Of all her children, Kait was the closest to Candace and had the most in common with her, but she rarely saw her. And as usual, Candace wasn’t coming home for Christmas, she was finishing an assignment in Africa. She hadn’t made it back for the holidays in years and was always severely missed. There was no important man in her life. She said she didn’t have time, which seemed to be true. Kait hoped that one of these days, Candace would find The One. She was young and there was no rush. Kait didn’t worry about that for her, only about the places she traveled to, which were dangerous and very rough. Nothing frightened Candace.
And Stephanie, Kait’s youngest, was the family computer genius. She had gone to MIT, gotten a master’s in computer science at Stanford, and fell in love
with San Francisco. She got a job at Google as soon as she got her master’s, and met her boyfriend there. She was twenty-six years old and in seventh heaven at Google, and loved everything about her California life. Her siblings teased her about being a geek, and Kait had rarely seen two people better suited to each other than Stephanie and her boyfriend, Frank. They lived in Mill Valley in Marin County, in a tiny ramshackle cottage, despite their long daily commute to Google. They were crazy about each other and their high-tech jobs. She was coming home to spend Christmas with her mother, and after two days was planning to meet Frank and his family in Montana to spend a week with them. Kait couldn’t complain about that either. It was so obvious that her daughter was happy, which was what she wanted for her, and she was doing brilliantly at her job. Stephanie was never going to come back to New York either. Why would she? She had everything she wanted and had ever dreamed of right where she was.
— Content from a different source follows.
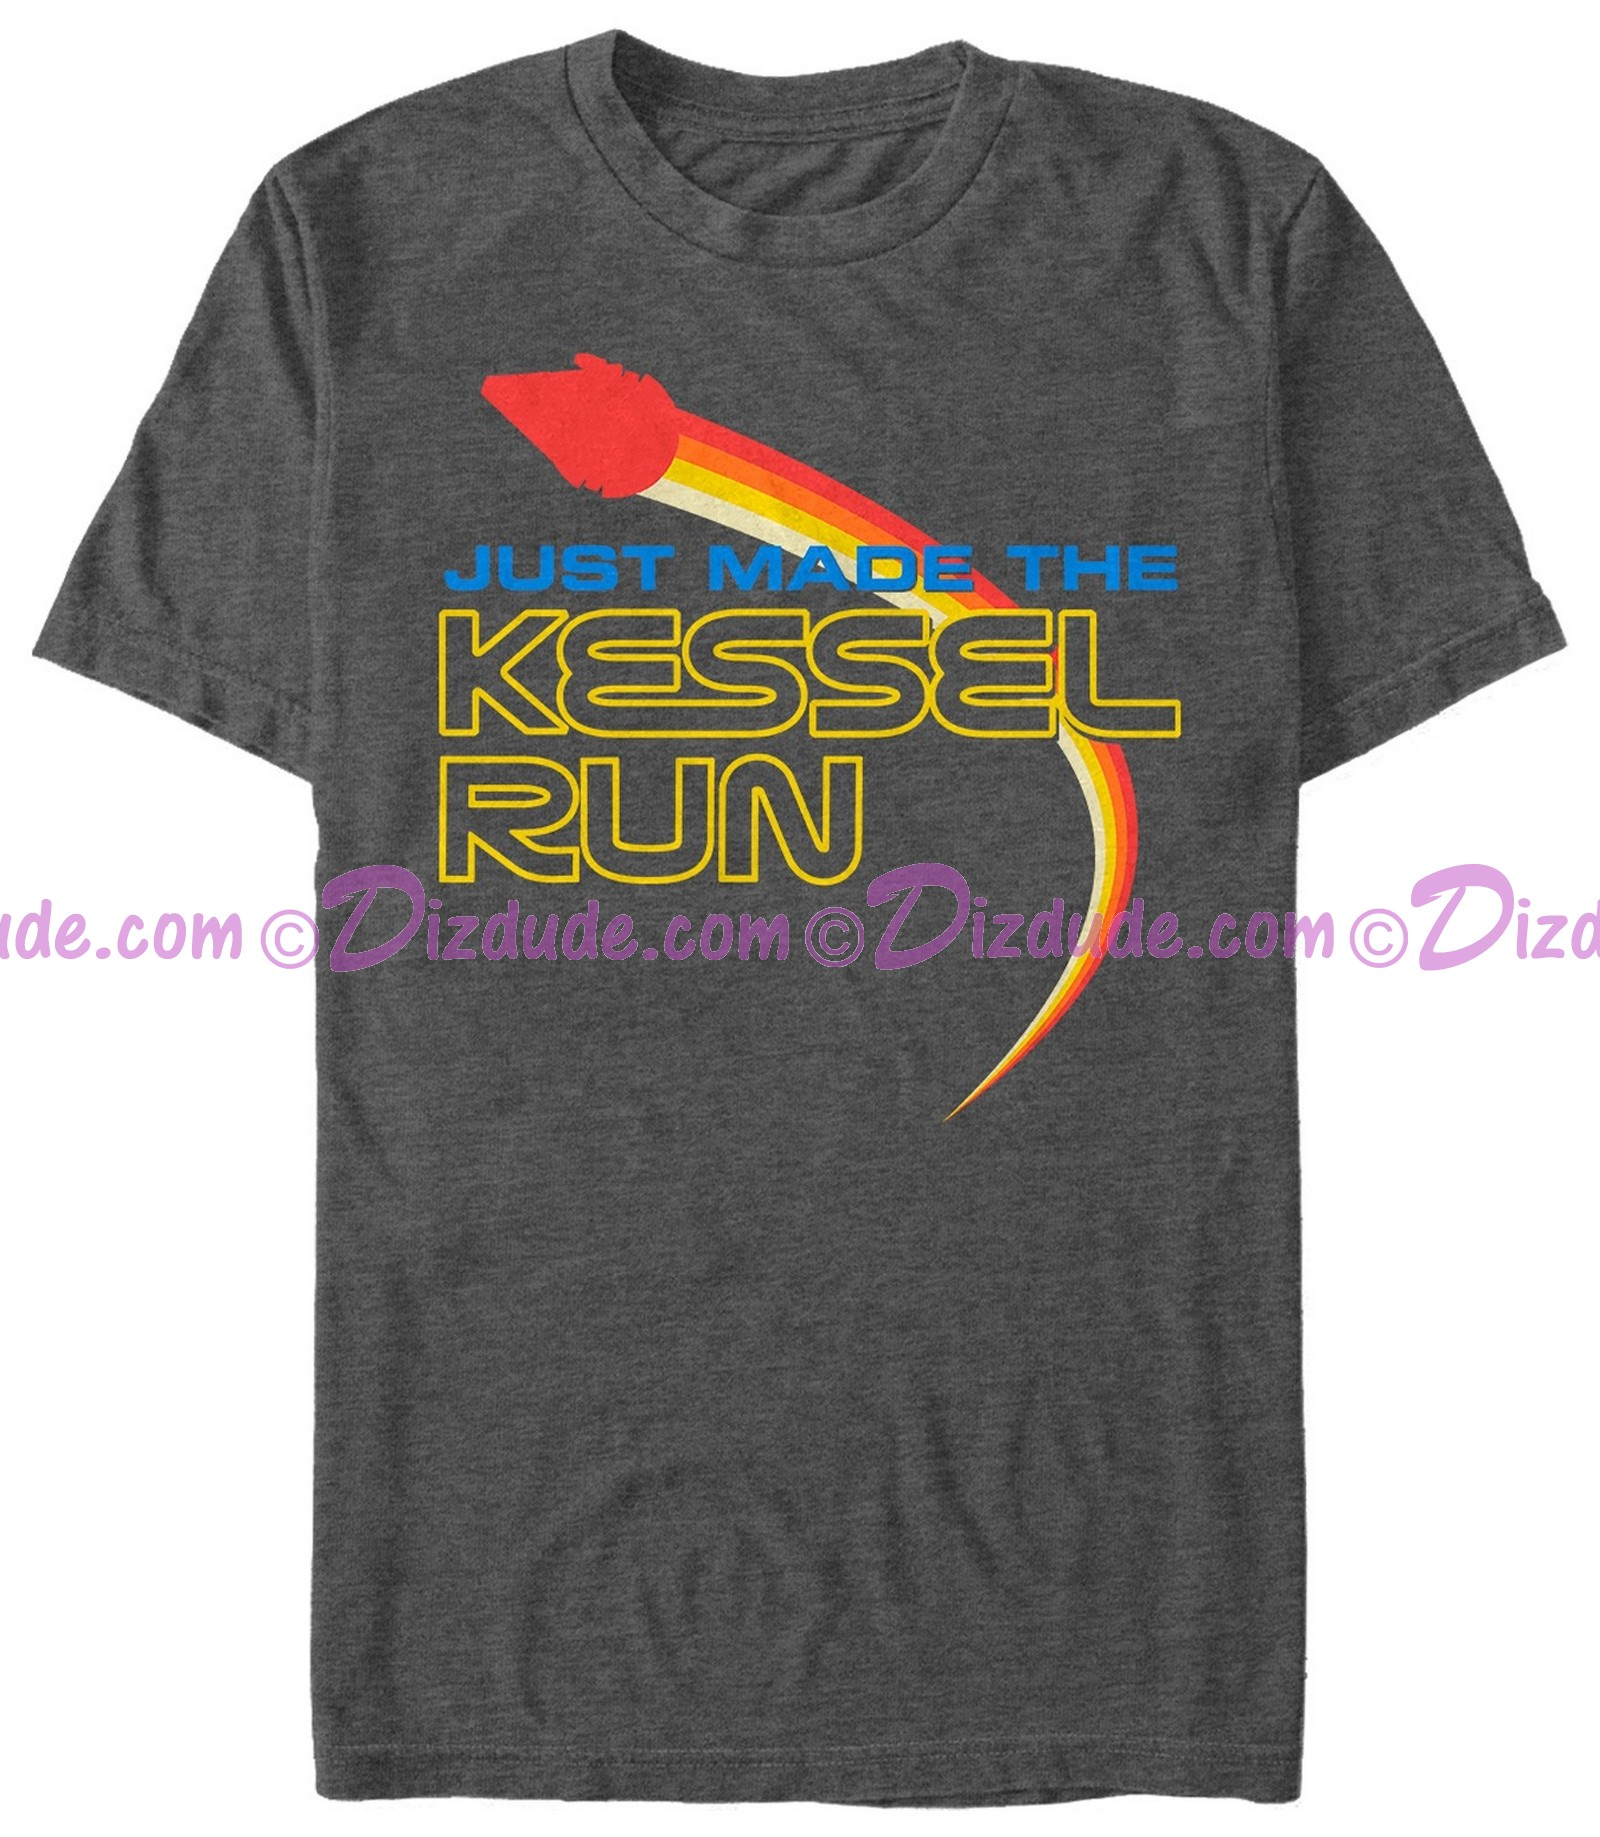 SOLO A Star Wars Story Just Made the Kessel Run Adult T-Shirt (Tshirt, T shirt or Tee)  © Dizdude.com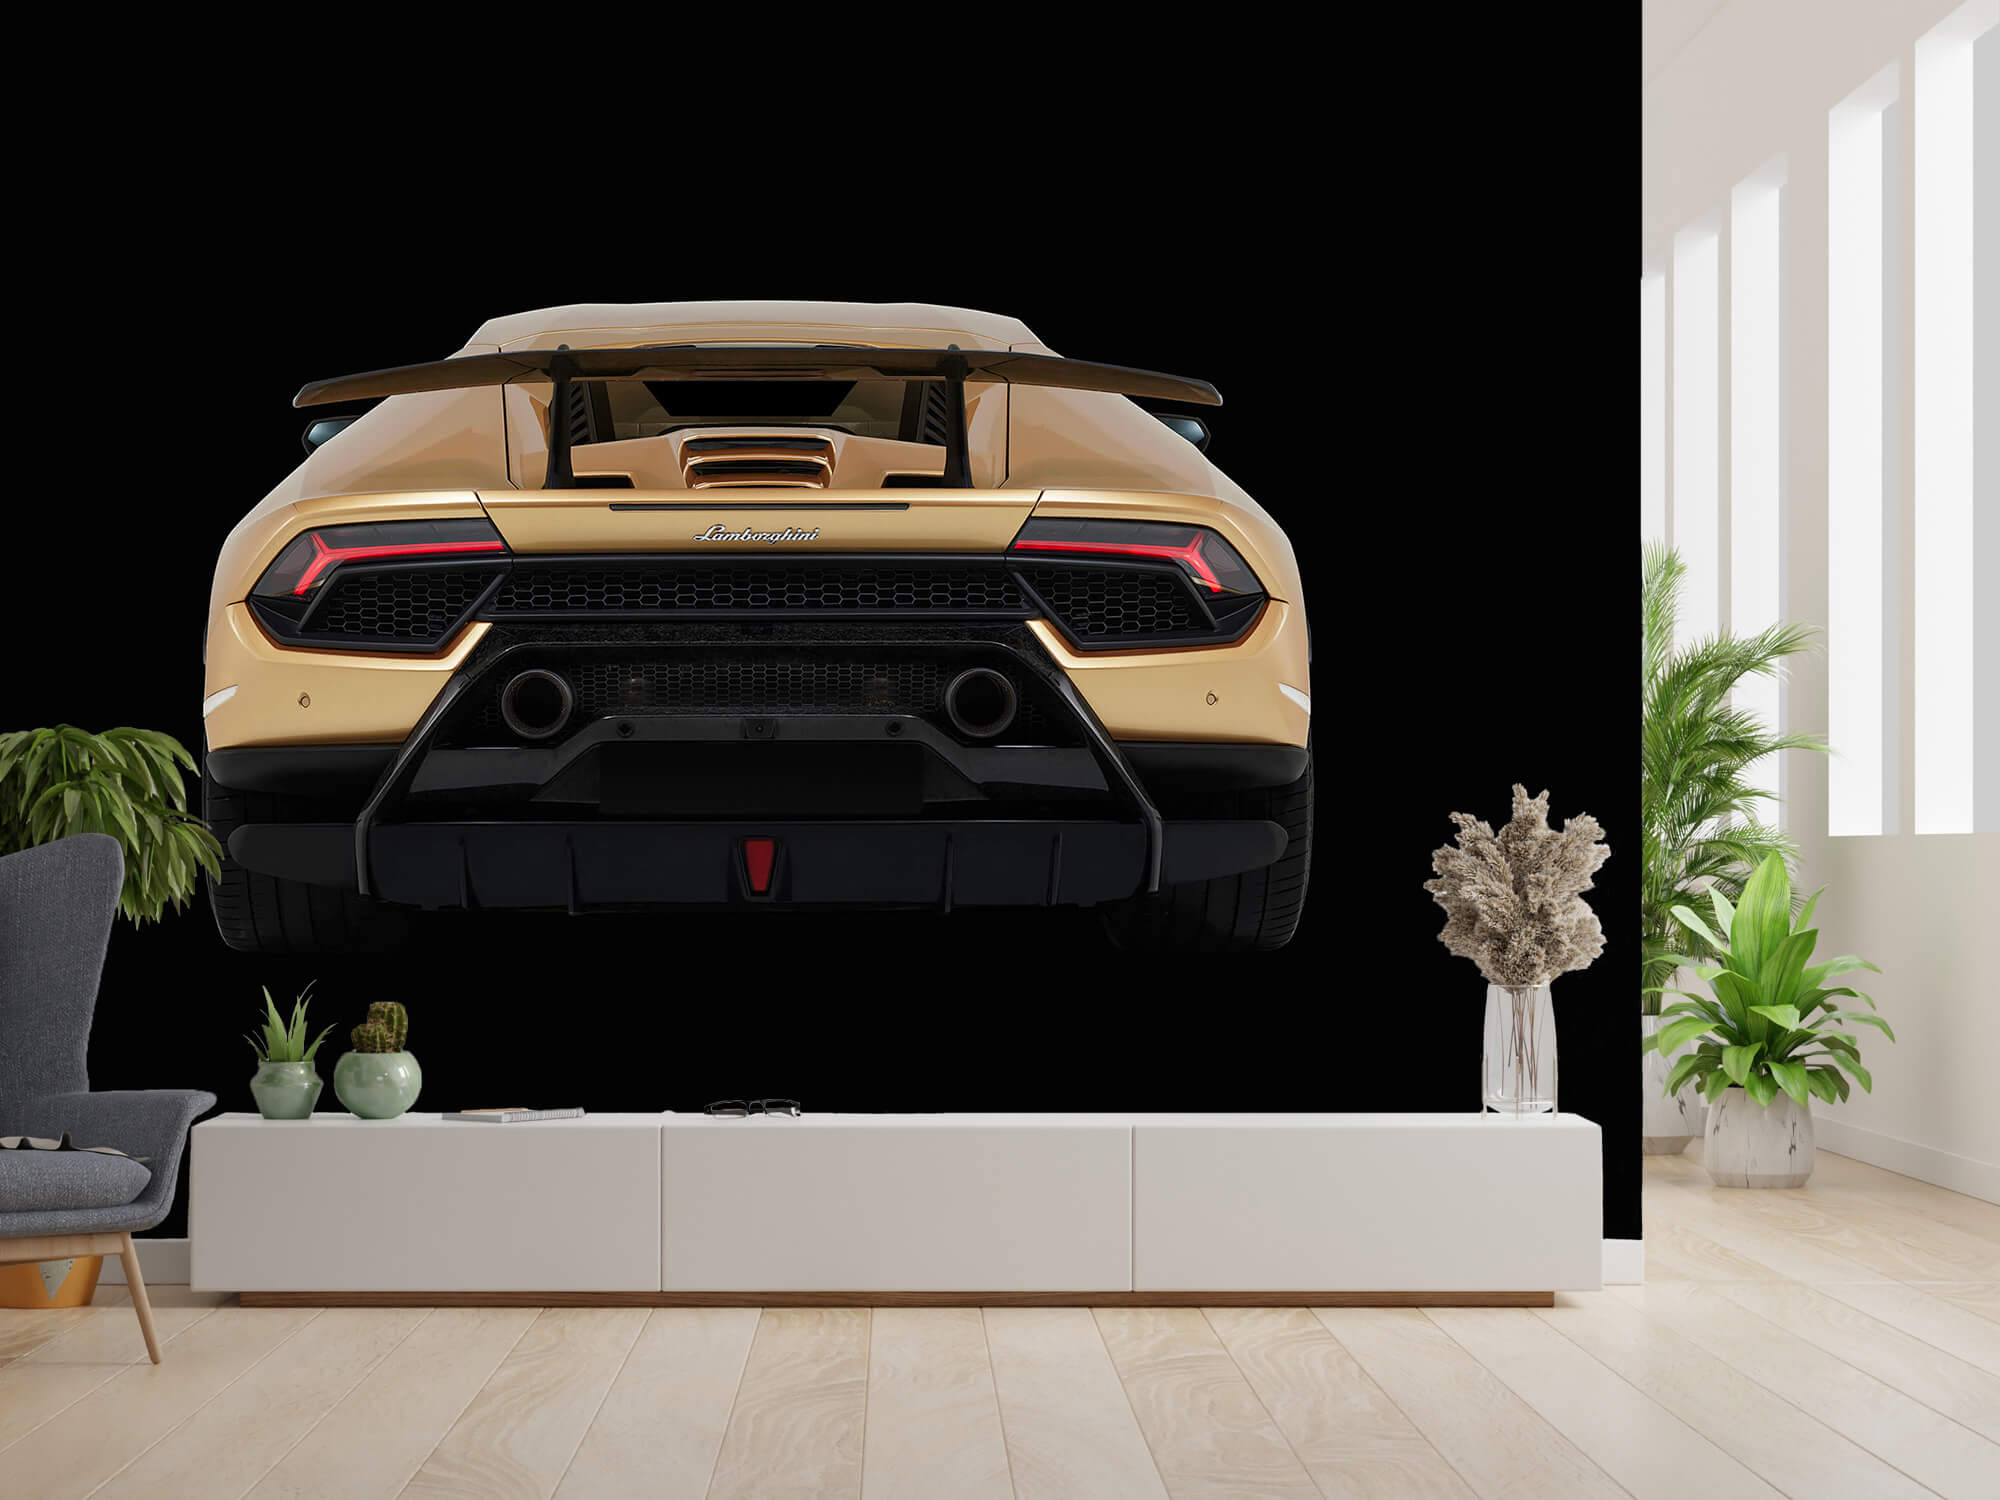 Wallpaper Lamborghini Huracán - Arrière, noir 2

Kait had encouraged all of them to pursue their dreams, she just hadn’t expected them to do it so successfully and so far afield from where they’d grown up, and to plant their roots so deeply in other places and different lives. She never made an issue of it, but she missed having her children nearby. But in today’s world, with people more mobile and less firmly anchored, they often moved far away from their families to establish their careers. She respected her children for it, and to avoid dwelling on their absence, she stayed busy herself. Very busy. It made her column even more important to her. She filled her life with work, and was diligent about it, and loved what she did. Kait was happy in her life, and there was a certain satisfaction in knowing she had brought her children up to work hard to achieve their goals. All of them had found rewarding work, and two of them had found partners they loved, who were good people and the right mates for them.